:: SUPPLIED INFORMATION ::
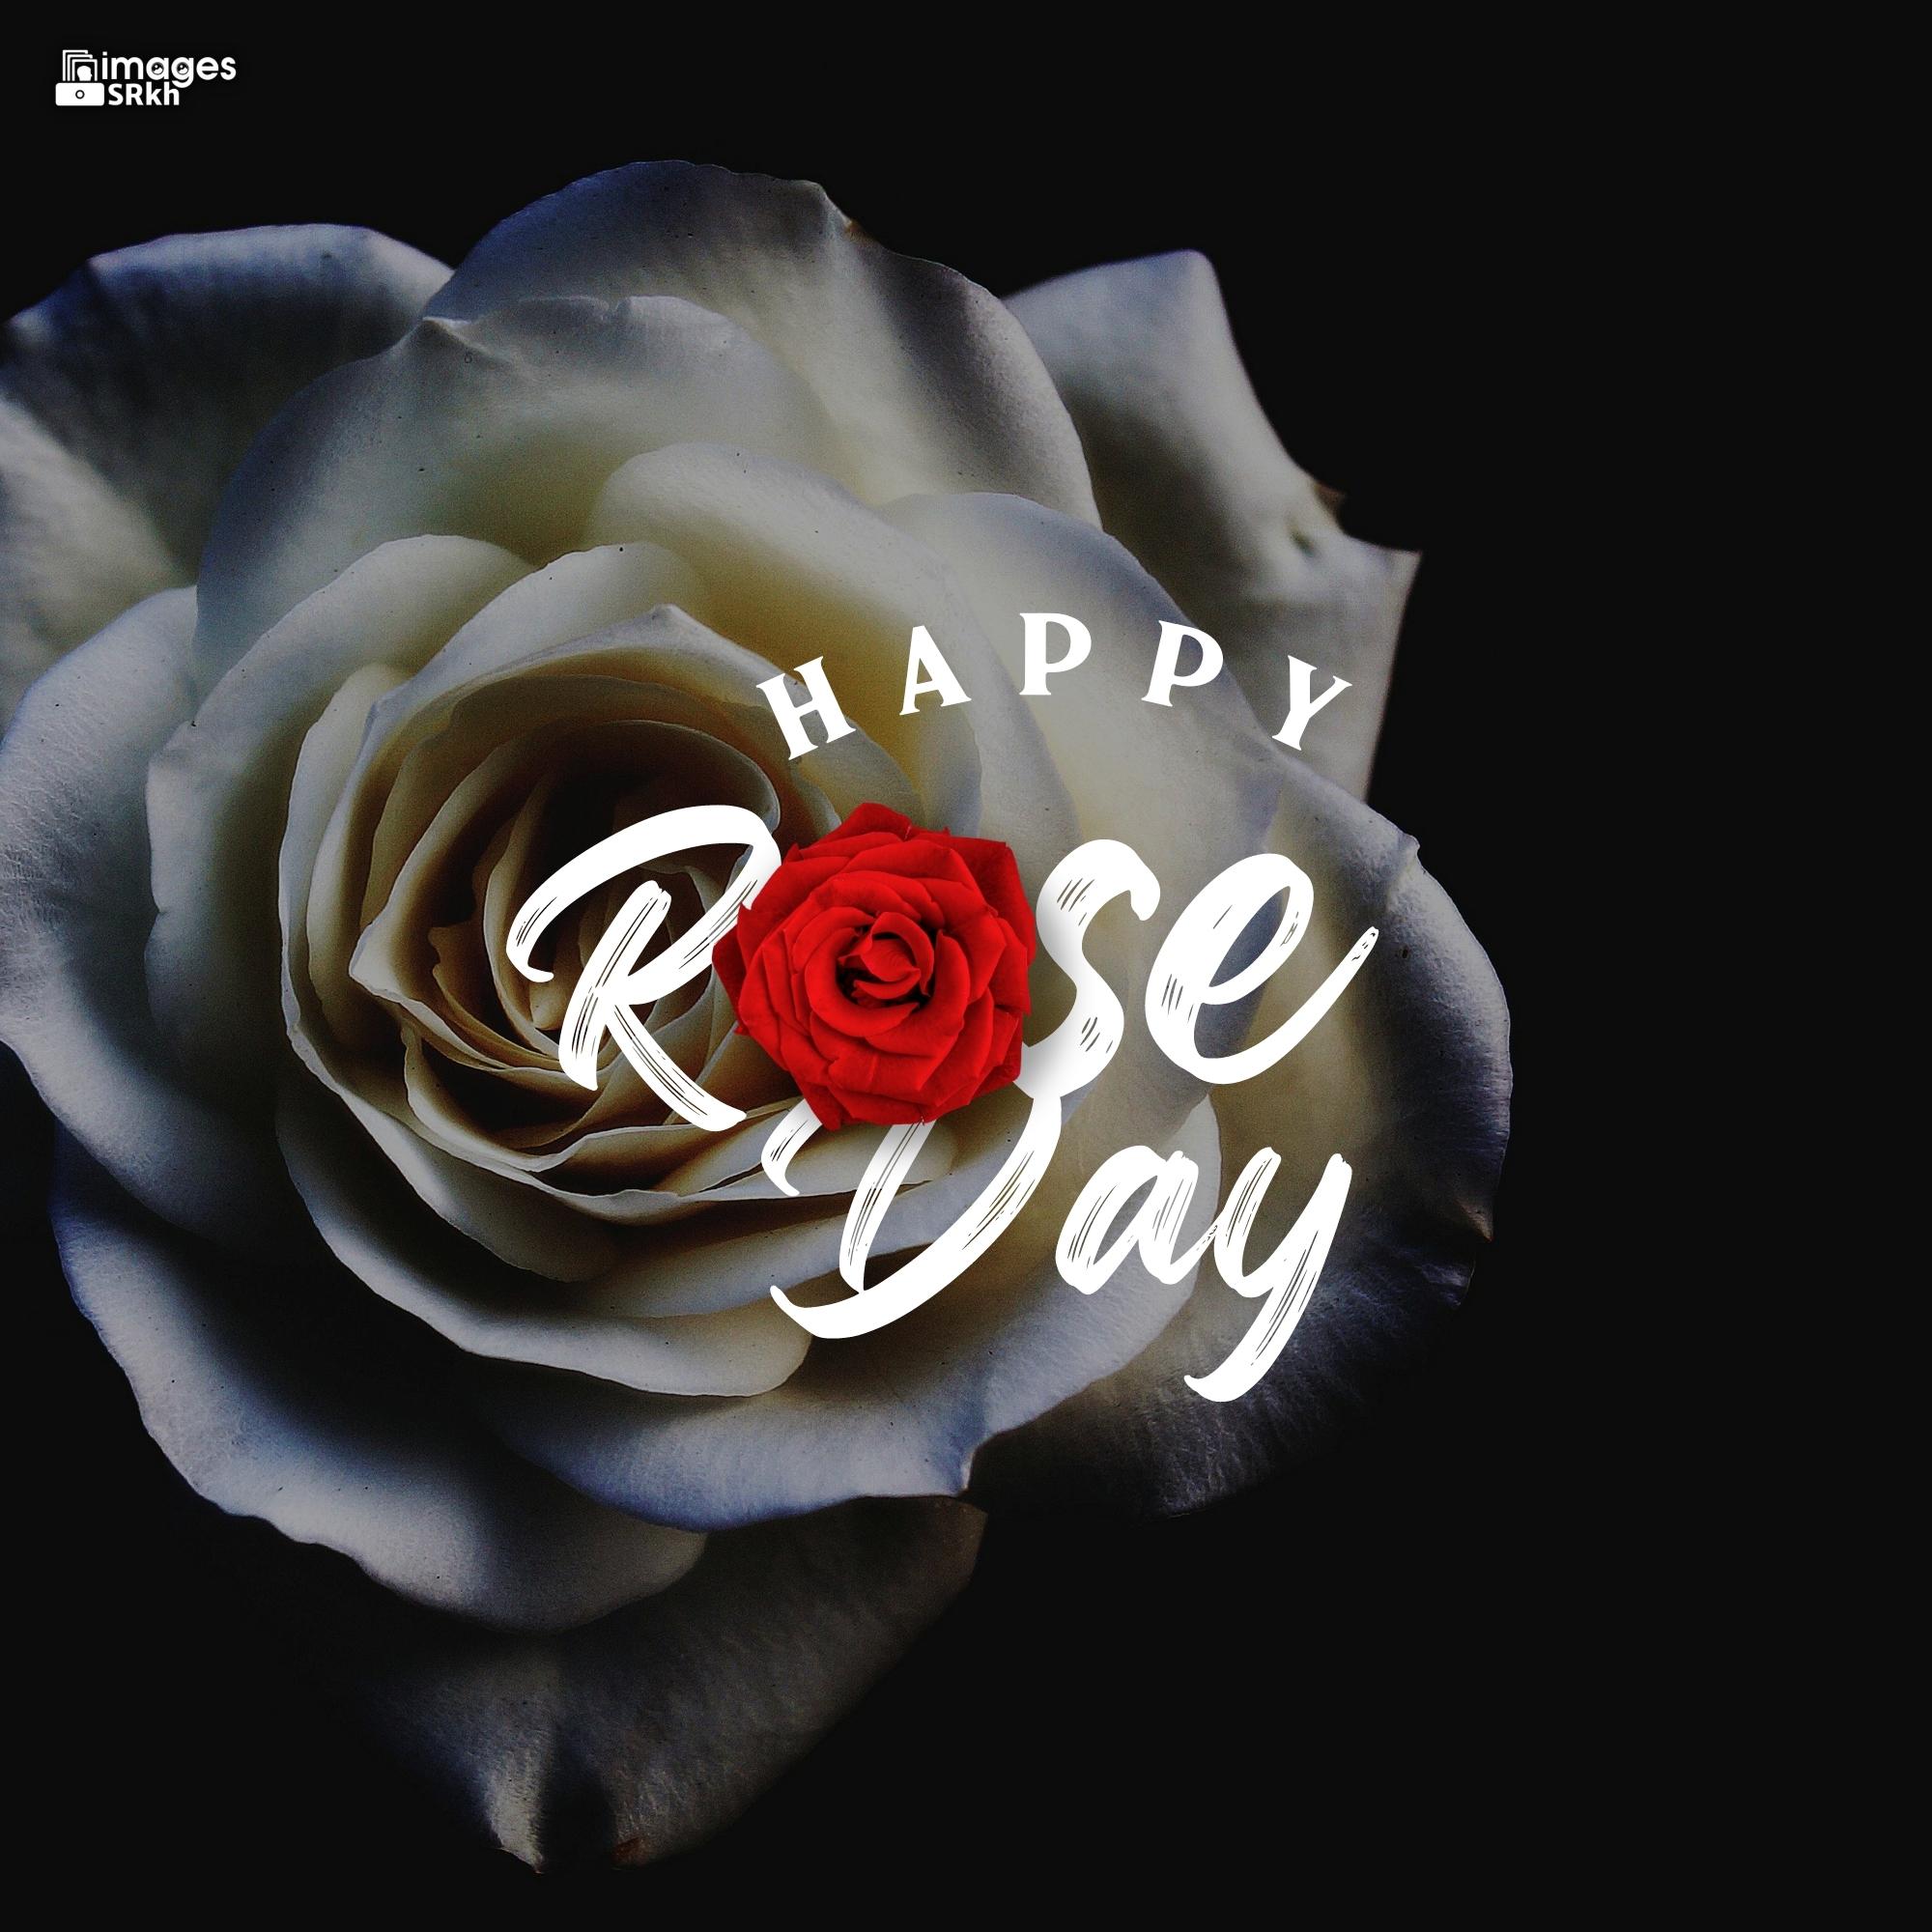 Happy Rose Day Image Hd Download (9)
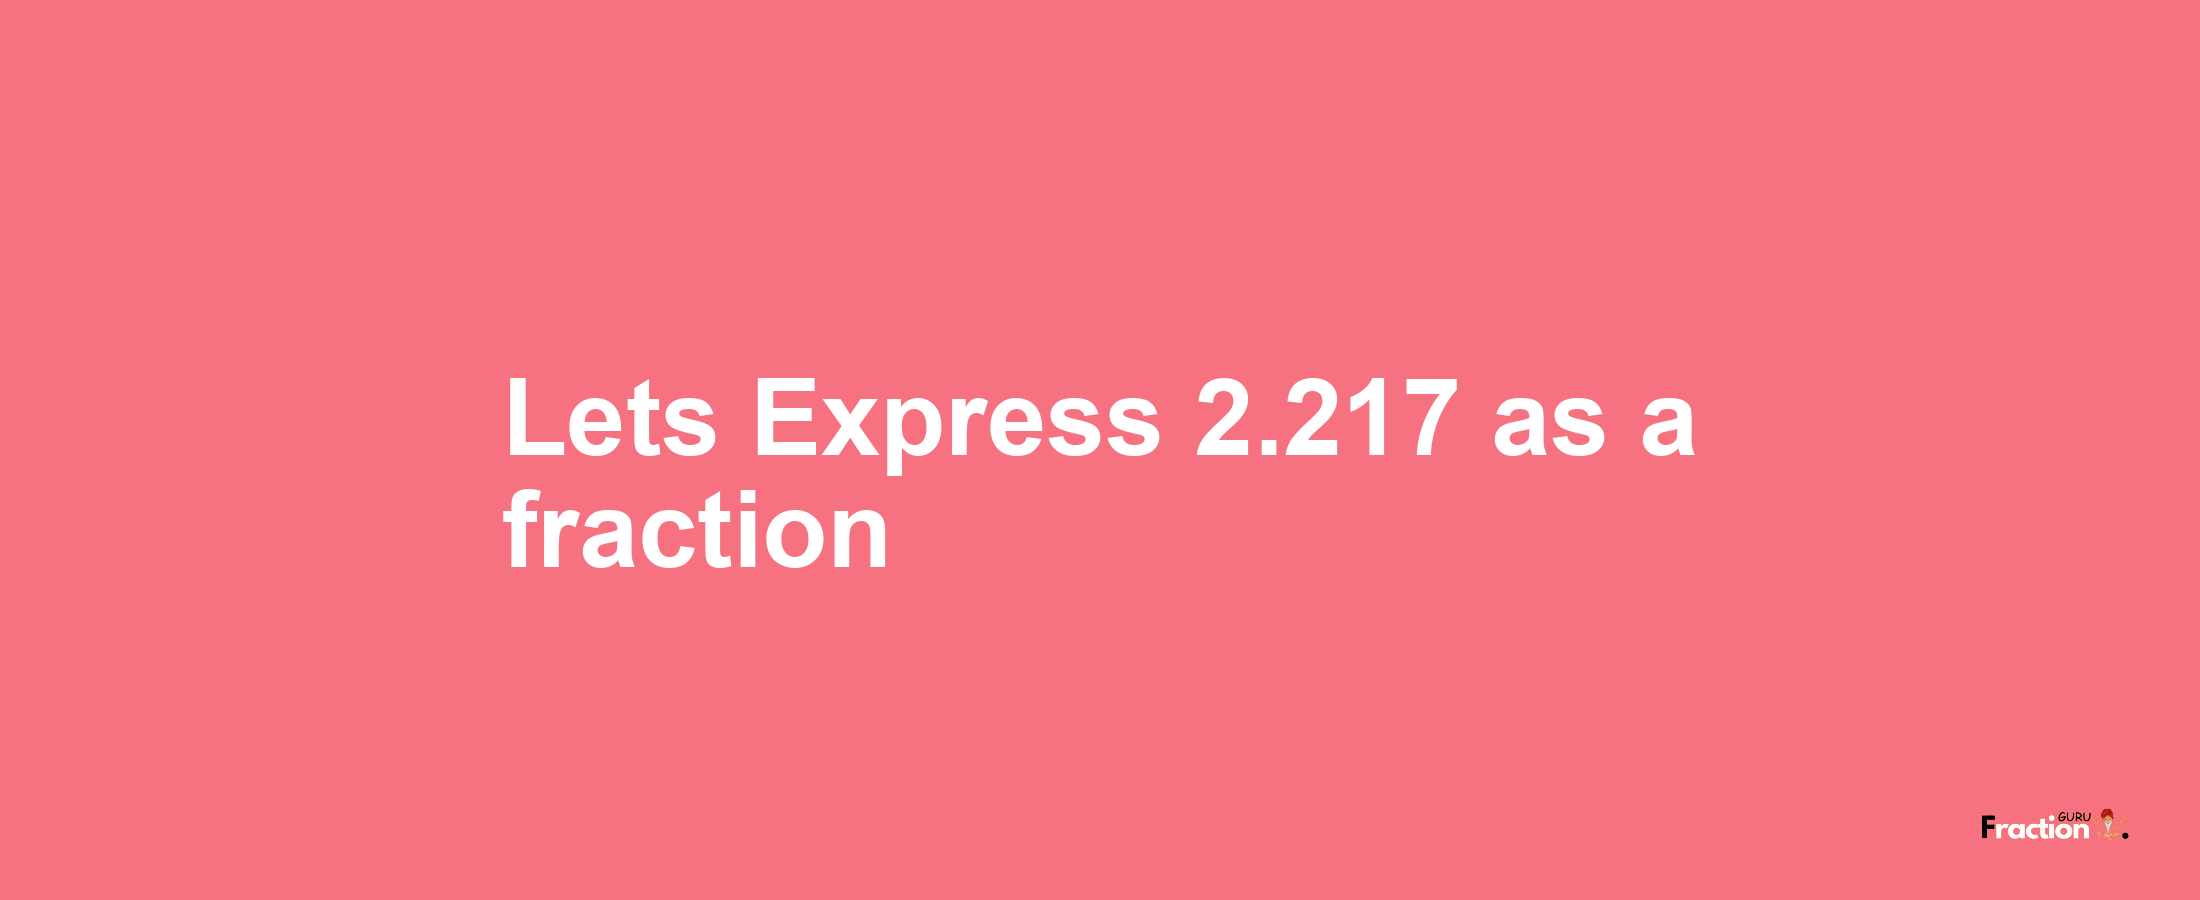 Lets Express 2.217 as afraction
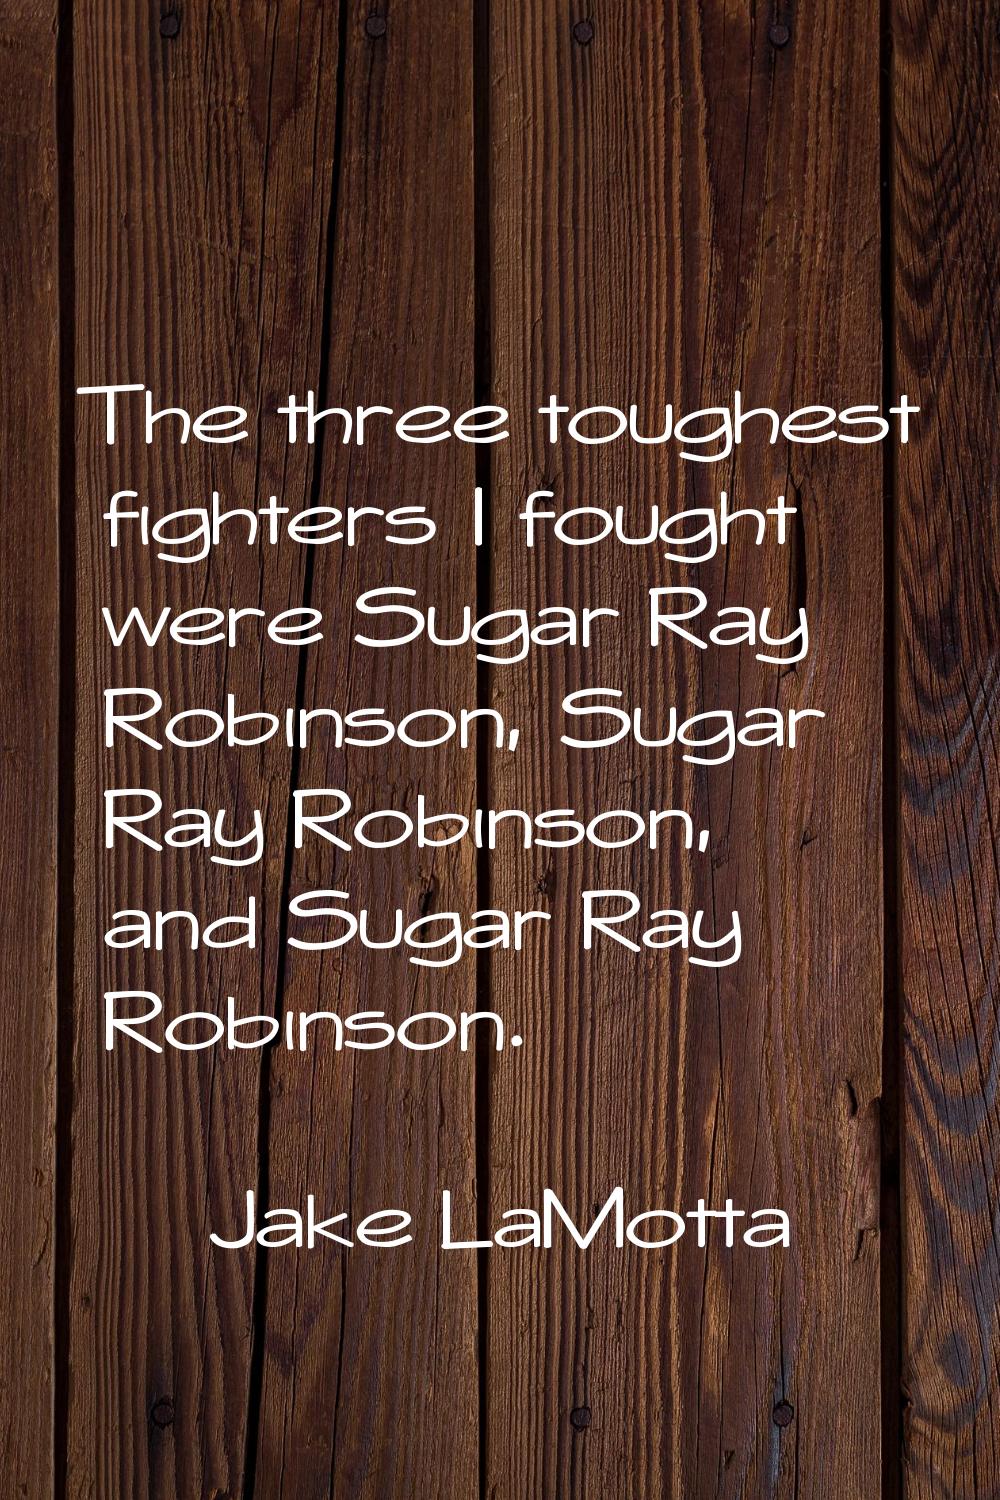 The three toughest fighters I fought were Sugar Ray Robinson, Sugar Ray Robinson, and Sugar Ray Rob

:: WHAT YOU NEED TO DO ::
Reprint the data verbatim, pictures excluded.

:: RESULT ::
 Happy Rose Day Image Hd Download (9)
 Lets Express 2.217 as afraction
 The three toughest fighters I fought were Sugar Ray Robinson, Sugar Ray Robinson, and Sugar Ray Rob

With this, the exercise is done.